If $\displaystyle \sum_{n=0}^{\infty}c_{n}x^{n}=0$, show that $c_n= 0$ for any $n$ Suppose that $f(x)=\displaystyle\sum_{n=0}^{\infty}c_{n}x^{n}$ for all $x$ with the radius of convergence $R>0$. If $\displaystyle\sum_{n=0}^{\infty}c_{n}x^{n}=0$, show that $c_n=0$ for any $n$. 
 A: Hint $c_n=f^{(n)}(0)/n!$ ${}{}{}{}{}{}{}{}{}{}{}{}$
A: Hint: It can be proved by induction on $n$. First, $c_0=f(0)=0$. Then $g(x):=\frac{f(x)}{x}= \sum\limits_{n=1}^{+ \infty} c_nx^{n-1}$, hence $g(0)=c_1=0$, etc.
A: Neither differentiability considerations nor a proof by induction are necessary. Instead, assume that some $c_n$ are not zero, then consider $N=\inf\{n\mid c_n\ne0\}$ and note that $f(x)\sim c_Nx^N$ when $x\to0$ (in the sense that $f(x)/x^N\to c_N$ when $x\to0$).
In particular there exists some positive $\varepsilon$ such that $f(x)\ne0$ for every $x\ne0$ such that $|x|\lt\varepsilon$. This contradicts the hypothesis hence $c_n=0$ for every $n$.

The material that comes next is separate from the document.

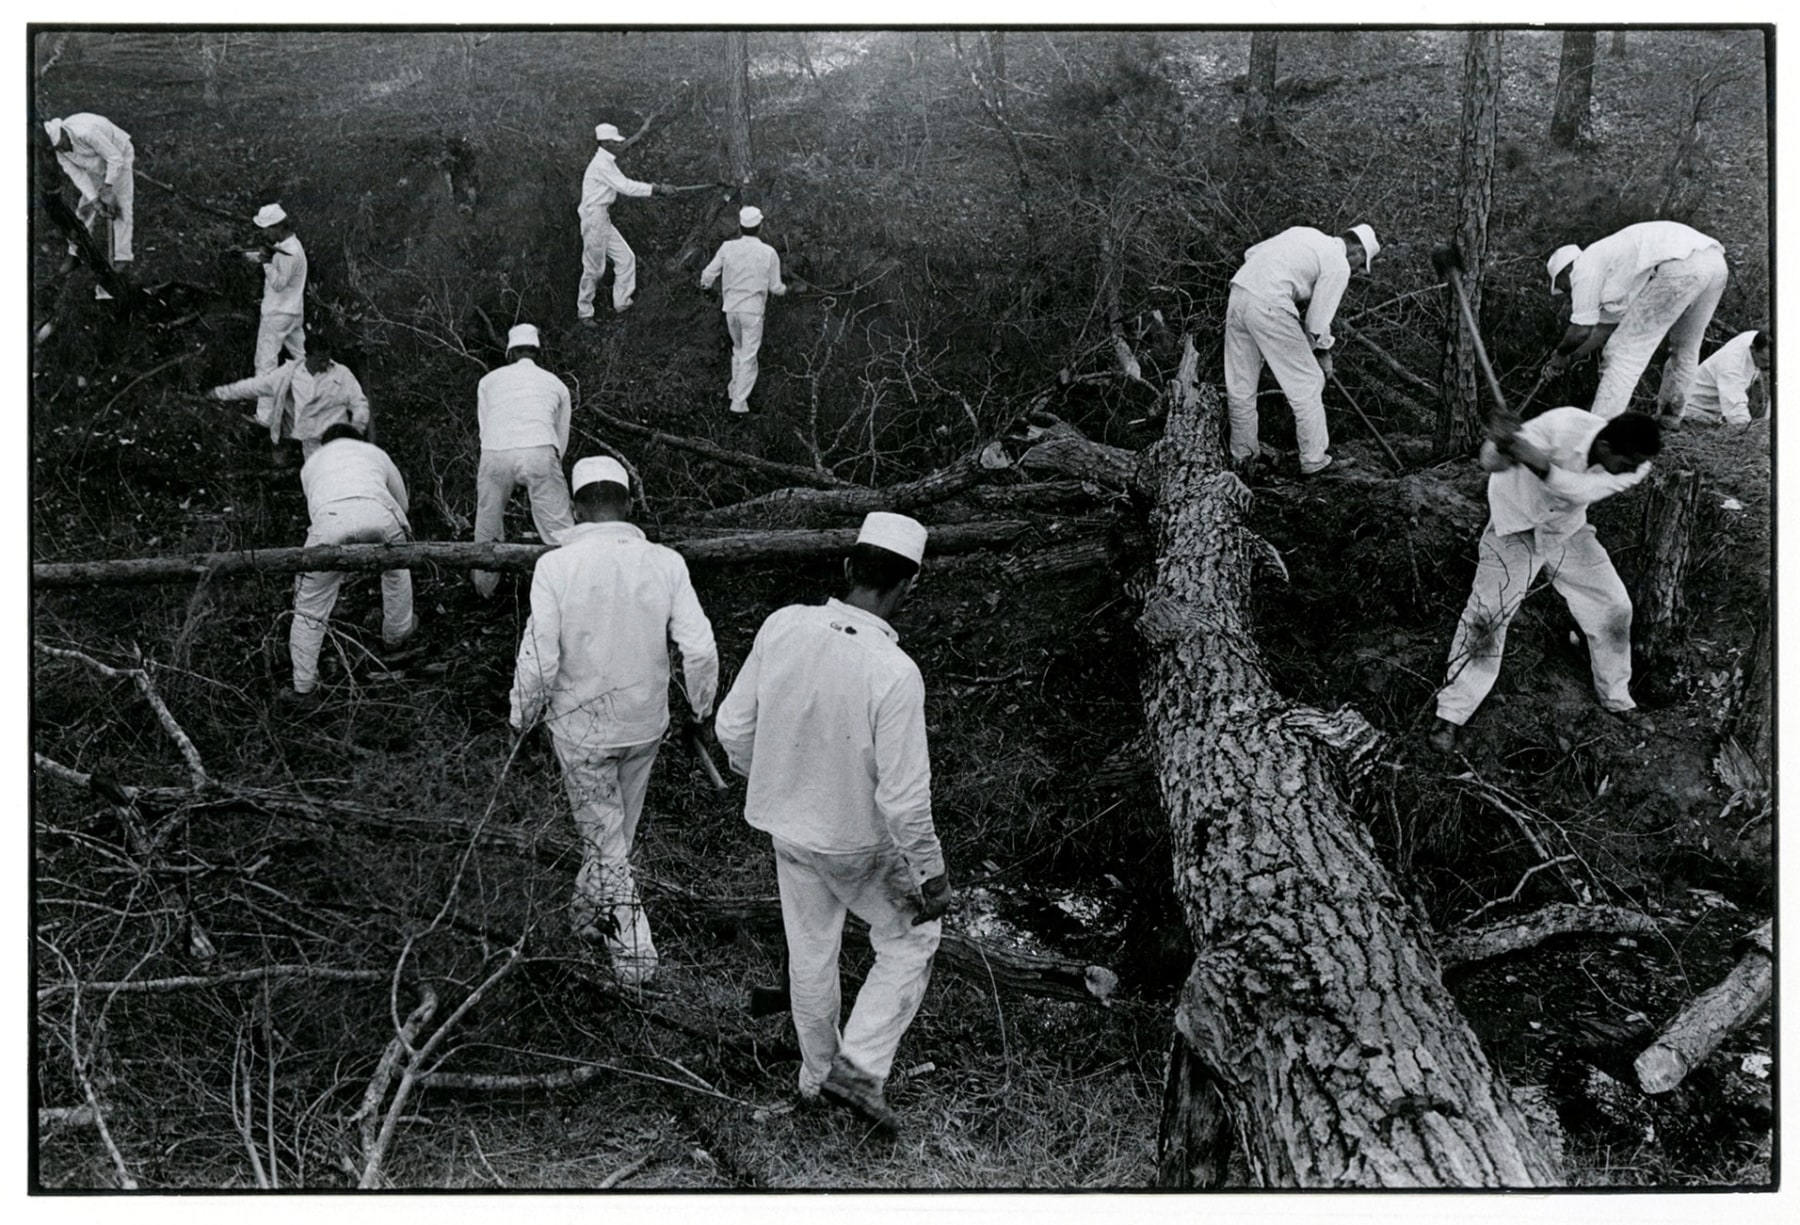 Copyright Danny Lyon / Magnum Photos, The Ellis Woods, from Conversations with the Dead, 1968

A: This is essentially the same answer as the others, this just makes a connection with the derivative.
$f(0) = c_0 = 0$.
Inside the radius of convergence, the function is smooth and $f'(x) = \sum_{n=1}^\infty n c_n x^{n-1}$. Since $f'(x) = 0$, we have $f'(0) = c_1 = 0$.
Continuing in this way, we have $f^{(k)}(x) = 0$ which gives $f^{(k)}(0) = k! c_k = 0$ from which we get $c_k = 0$.